\name{horner}
\alias{horner}
\alias{hornerdefl}
\title{
Horner's Rule
}
\description{
  Compute the value of a polynomial via Horner's Rule.
}
\usage{
horner(p, x)
hornerdefl(p, x)
}
\arguments{
  \item{p}{Numeric vector representing a polynomial.}
  \item{x}{Numeric scalar, vector or matrix at which to evaluate the polynomial.}
}
\details{
  \code{horner} utilizes the Horner scheme to evaluate the polynomial and its
  first derivative at the same time.

  The polynomial \code{p = p_1*x^n + p_2*x^{n-1} + ... + p_n*x + p_{n+1}}
  is hereby represented by the vector \code{p_1, p_2, ..., p_n, p_{n+1}},
  i.e. from highest to lowest coefficient.

  \code{hornerdefl} uses a similar approach to return the value of \code{p}
  at \code{x} and a polynomial \code{q} that satisfies

  \code{p(t) = q(t) * (t - x) + r, r constant}

  which implies \code{r=0} if \code{x} is a root of \code{p}. This will allow
  for a repeated root finding of polynomials.
}
\value{
  \code{horner} returns a list with two elements, \code{list(y=..., dy=...)}
  where the first list elements returns the values of the polynomial, the
  second the values of its derivative at the point(s) \code{x}.

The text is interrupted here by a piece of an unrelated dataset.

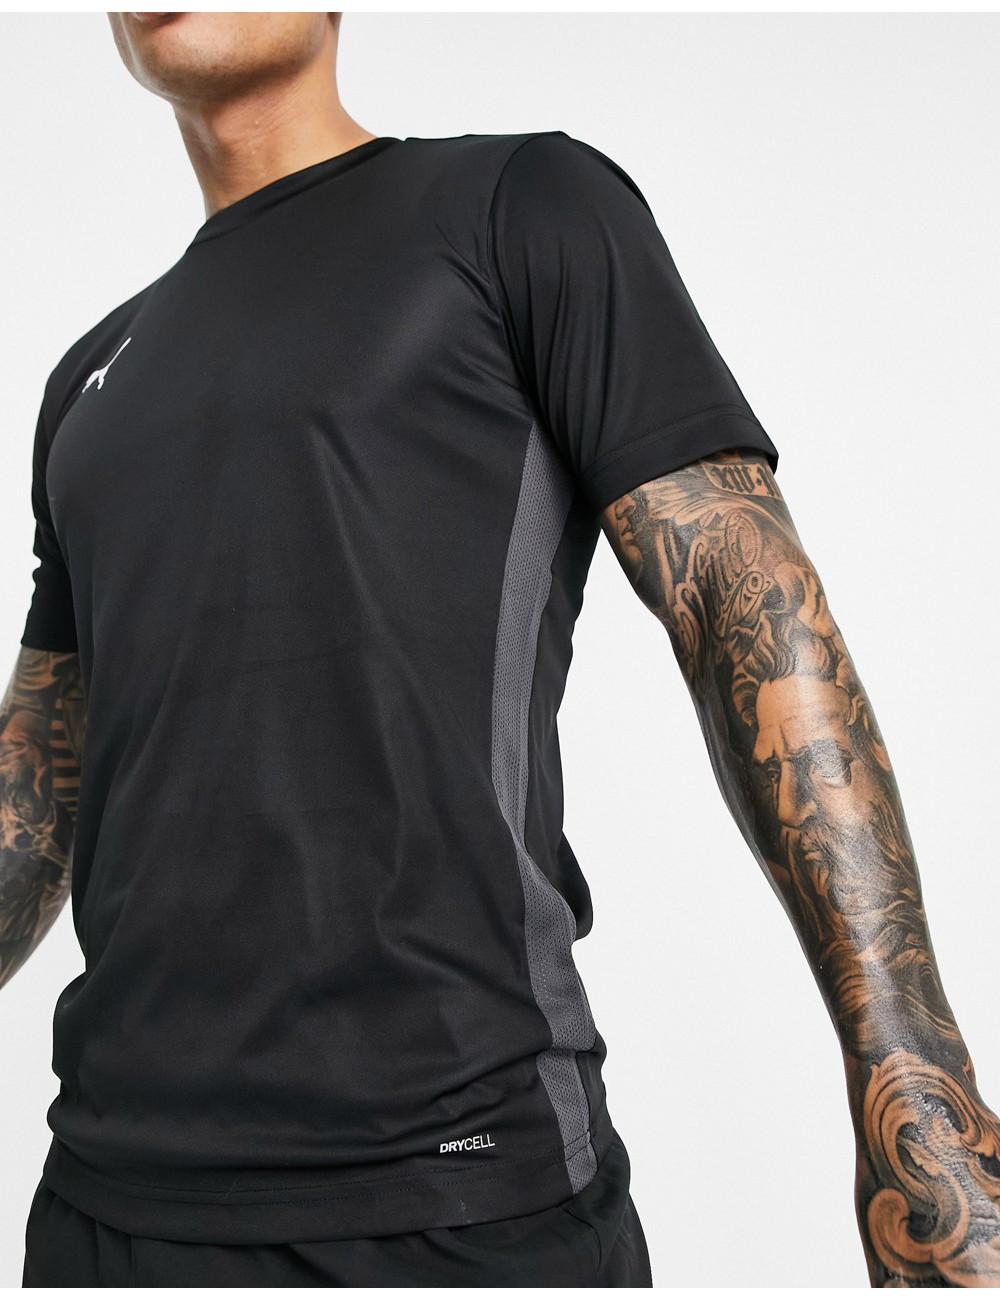 Puma Football shirt in black

  \code{hornerdefl} returns a list \code{list(y=..., dy=...)} where \code{q}
  represents a polynomial, see above.
}
\note{
  For fast evaluation, there is no error checking for \code{p} and \code{x},
  which both must be numerical vectors
  (\code{x} can be a matrix in \code{horner}).
}
\references{
  Quarteroni, A., and Saleri, F. (2006) Scientific Computing with Matlab
  and Octave. Second Edition, Springer-Verlag, Berlin Heidelberg.
}
\seealso{
\code{\link{polyval}}
}
\examples{
x <- c(-2, -1, 0, 1, 2)
p <- c(1, 0, 1)  # polynomial x^2 + x, derivative 2*x
horner(p, x)$y   #=>  5  2  1  2  5
horner(p, x)$dy  #=> -4 -2  0  2  4

p <- Poly(c(1, 2, 3))  # roots 1, 2, 3
hornerdefl(p, 3)          # q = x^2- 3 x + 2  with roots 1, 2
}
\keyword{ math }